Voters: the time-zone fallout
It's a pity Americans don't lift up their eyes oftener to Canada. They would learn a lot of things. For example, there is commotion now in United States political circles because on Nov. 4 the radio-TV media disclosed the Reagan landslide in the East before the far West closed its polls. "Why bother to vote?" a lot of Californians are supposed to have said. Queues of waiting voters in some areas reportedly melted. Television networks, led by NBC, forecast the national election result at 5:15 p.m. Pacific Standard Time. President Carter conceded at 6:15. Not only voters but precinct workers on the West Coast quit and went home, according to irritated Democrats.
Here's an example: Rep. Al Ullman (D) of Oregon, chairman of the House Ways and Means Committee, won't be back to Congress next year. He was in a neck-and-neck race with his Republican adversary, Denny Smith. He lost by 1 percentage point. He blames it on time-zone effect. And think of Rep. James Corman (D) of California -- he lost by 900 votes. He, too, believes he was a time-zone fallout.Why can't something be done about it, Washington asks.
Something has been done about it in Canada. For some years Canada has forbidden broadcasts about the election results of eastern time zones into western time zones until the latter's polls have closed. Here's how an official study describes it (reference paper 109, revised, April 1978):
"Partisan radio and TV broadcasts as well as advertising in periodical publications are prohibited from the day of the issue of the writs (i.e., announcement of election) to the 29th day before polling day, as well as on the polling day, and on the day immediately preceding polling day.
"Owing to time-zone differences, election results in eastern Canada are known before voting ends in the west.

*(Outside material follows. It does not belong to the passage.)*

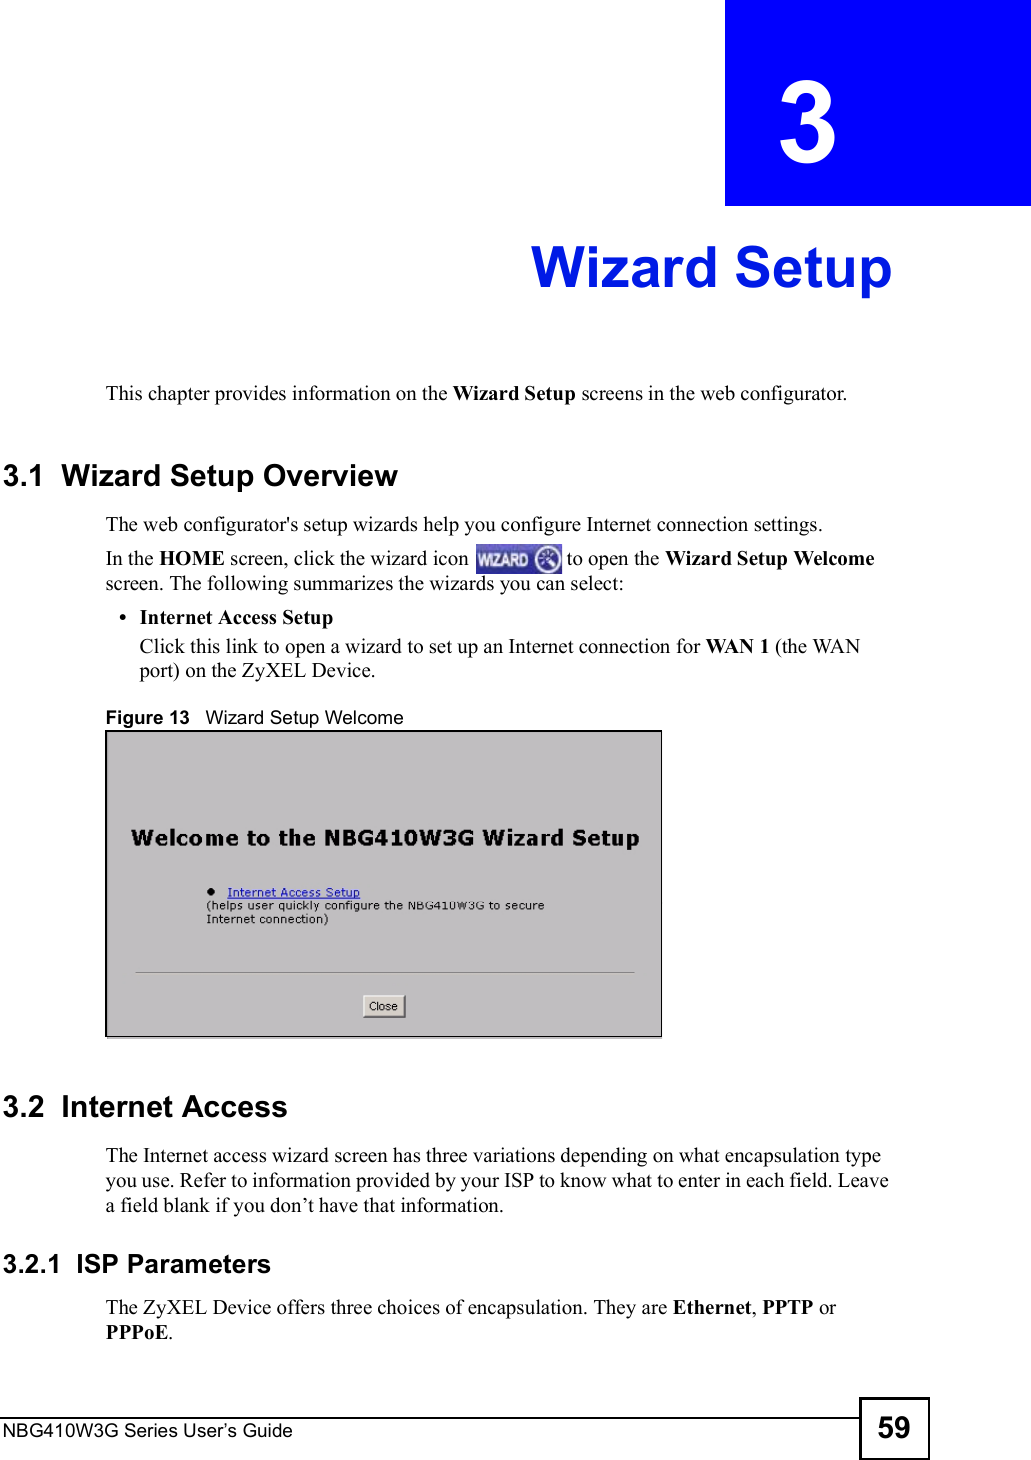 NBG410W3G Series User s Guide 59CHAPTER  3 Wizard SetupThis chapter provides information on the Wizard Setup screens in the web configurator. 3.1  Wizard Setup Overview The web configurator&apos;s setup wizards help you configure Internet connection settings.In the HOME screen, click the wizard icon   to open the Wizard Setup Welcome screen. The following summarizes the wizards you can select: Internet Access SetupClick this link to open a wizard to set up an Internet connection for WAN 1 (the WAN port) on the ZyXEL Device. Figure 13   Wizard Setup Welcome3.2  Internet Access The Internet access wizard screen has three variations depending on what encapsulation type you use. Refer to information provided by your ISP to know what to enter in each field. Leave a field blank if you don!t have that information.3.2.1  ISP ParametersThe ZyXEL Device offers three choices of encapsulation. They are Ethernet, PPTP or PPPoE.

"Federal law therefore prohibits the publication or broadcasts in any area, before polls close in that area, of the result of voting in any electoral district in Canada.
"This is intended to prevent late-voting westerners from being influenced by the results already made public in the East."
It's as simple as that. Such a rule might have boosted the number of US voters in California and Oregon this month and perhaps changed a number of results in a situation compounded by President Carter's unnecessarily early concession of defeat. It was an untoward precedent that ignored time zones and probably hurt his own supporters. Michael Gagan, chief assistant to the California secretary of state, says that during the day polls were operating at 82 percent voter turnout, but they wound up at the end with only 76 percent: "That meant a 4 to 6 percent drop in the last two hours when an awful lot of people vote." Mr. Gagan estimates 450,000 votes weren't cast as a result of time-zone interference and presidential action.
Something ought to be done. I would guess something will be done. A dozen proposals are heard. Rep. Mario Biaggi (D) of New York would follow European practice of voting on Sunday, and then stagger hours so that polls everywhere would close at about the same time. Hawaiians might object, but polls open from 6 a.m. to 3 p.m. would be at least tolerable. Under the plan the East would vote from 11 a.m. to 8 p.m., the Pacific Coast 8 a.m. to 5 p.m.
That's one idea. Another is to adopt Canada's system. A squawk would go up from the US radio-TV media. Sometimes it seems that elections are held for their benefit. Whether Congress has the audacity to control the news media as Ottawa does I don't know.